Dr. Steph Dewar: From UPMC Children's Hospital of Pittsburgh, welcome to That's Pediatrics. I'm Steph Dewar, one of the hospitalists physicians here at Children's, and codirector of the Pediatric Residency Training Program.

Dr. J Williams: And I'm John Williams, chief of Pediatric Infectious Diseases. And, we are delighted to welcome as our guest today, Dr. Cassie Torok, a pediatric rheumatologist and a specialist in pediatric scleroderma. Cassie, welcome to That's Pediatrics.

Dr. C Torok: Thanks, John and Stephanie.

Dr. Steph Dewar: So, Cassie, you have a wide range of clinical and research interests. The one thing I thought would be useful for folks to hear about is your work with patients with scleroderma.

Dr. C Torok: Okay, great. So, I'll give you a little bit of background. I was a trainee here, and during my training and part of my fellowship training, I worked with Dr. Thomas Medsger, who's a world-renowned scleroderma expert in the adult world. I followed him and performed research and, in that methodology, really got in tune with scleroderma and then branched this into pediatric scleroderma, both localized scleroderma and systemic scleroderma. With that, we started a pediatric scleroderma clinic in 2012ish, and over time it's expanded. So, clinically, I'll see these patients on a day-to-day basis. We have weekly scleroderma clinics right now. From that, I saw some issues that need to be addressed. Some are clinical issues as far as day-to-day management and treatment of these patients and then, also, education. Some patients would come in from different providers being misdiagnosed or managed in a different way. Then, also, the biology behind the disease is very unknown. It's not a disease that's tapped into as much as far as the research realm. So, I was very interested to find out what's driving this disease and how can we treat it, and how can we treat it better? So, as part of this scleroderma clinic, we also collect blood specimens on these patients and follow them longitudinally. Hopefully, then to find biomarkers and other indicators of what's driving this disease and how we can stop it and also, hopefully, maybe someday, find a cure.

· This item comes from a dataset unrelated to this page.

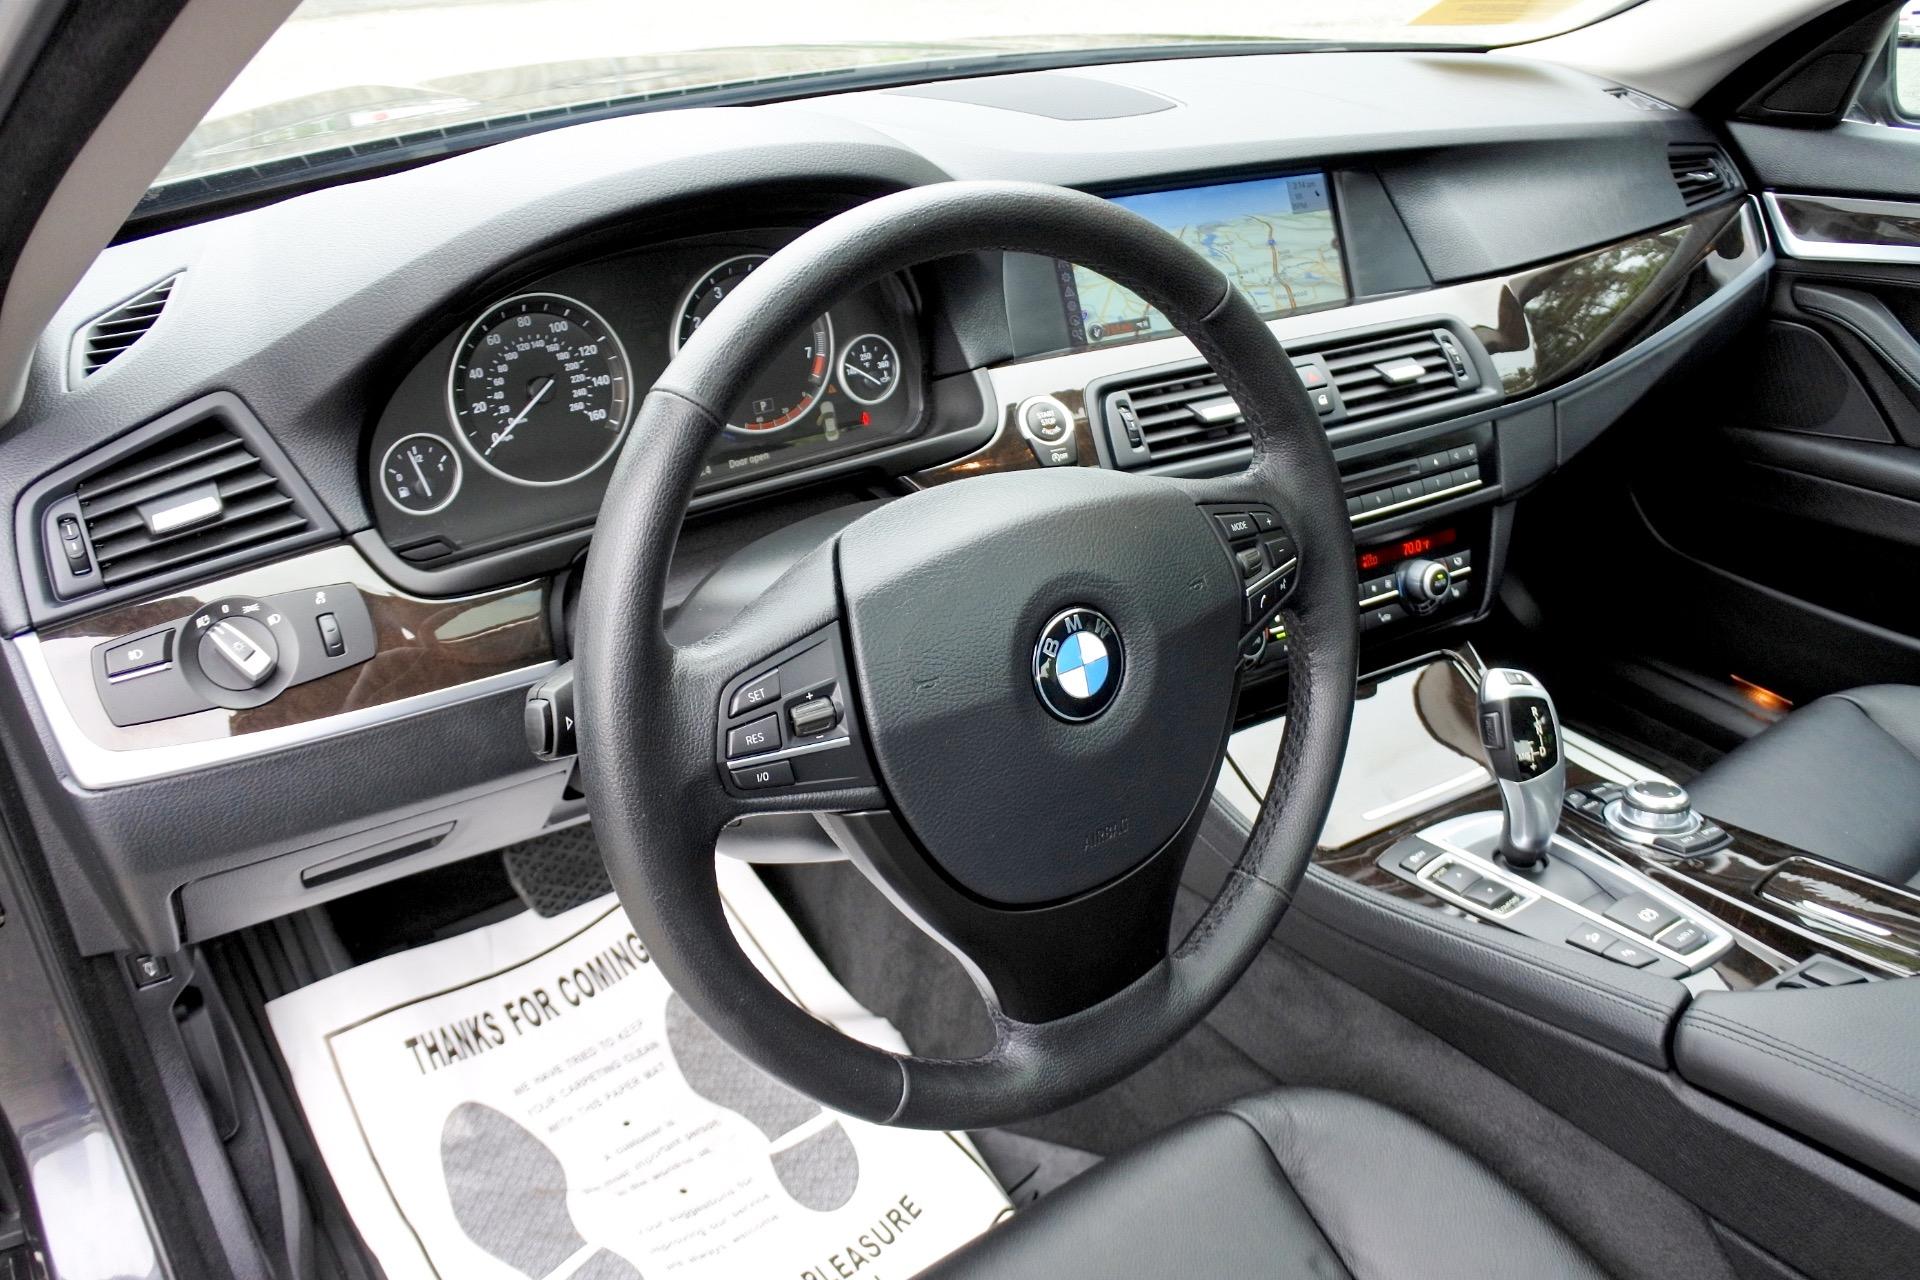 Used 2012 BMW 5 Series 528i xDrive AWD Used 2012 BMW 5 Series 528i xDrive AWD for sale  at Metro West Motorcars LLC in Shrewsbury MA 13
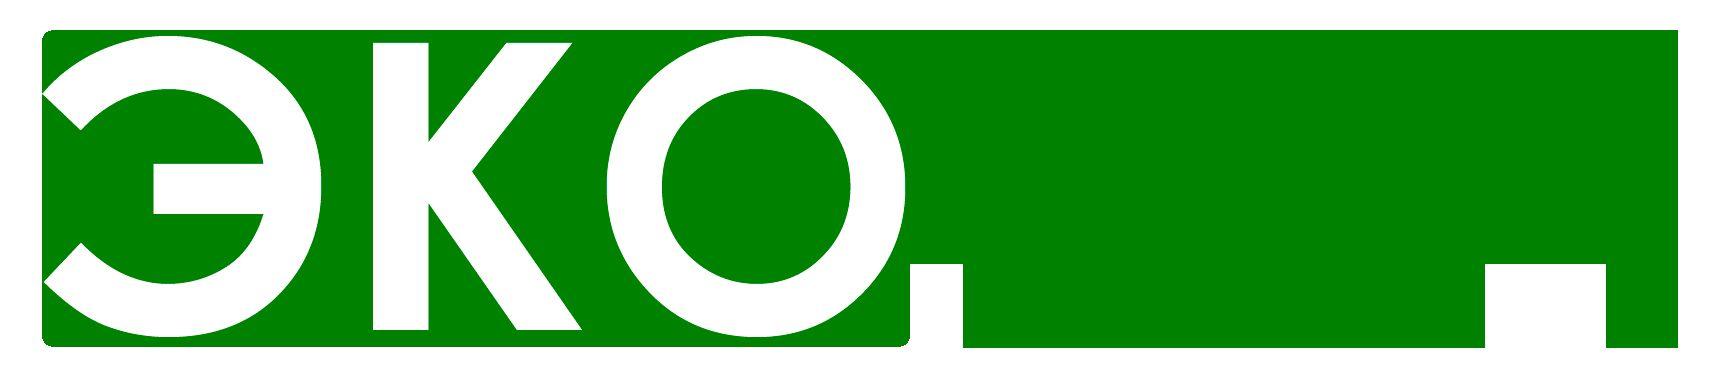 Логотип для научно - технического концерна - дизайнер Kibish

Dr. J Williams: So, Cassie, you're the director of the Pediatric Scleroderma Clinic and this is a pretty uncommon disease and, therefore, you have kids coming from short of all over to see you as an expert. Correct?

Dr. C Torok: Correct. So, this an uncommon condition, so a pediatric rheumatologist, in general, is not that common to find. But, even an established pediatric rheumatologist may only see a handful of these patients a year. Maybe one or two patients. Therefore, if a patient has more severe disease, like linear down their leg, they're getting joint contractors, some limb length discrepancy, they would tend to reach out to me, maybe just to discuss management. But, a lot of the time, the parents would also be appreciative of a visit with me. So, they will fly out and see me even if it's just a one-time visit, and then I help co-manage with their pediatric rheumatologist. But, several of the patients after coming to the Pediatric Scleroderma Clinic actually like to come at least on an annual basis just to have a check in with me and then I'll report back to their primary pediatric rheumatologist or dermatologist.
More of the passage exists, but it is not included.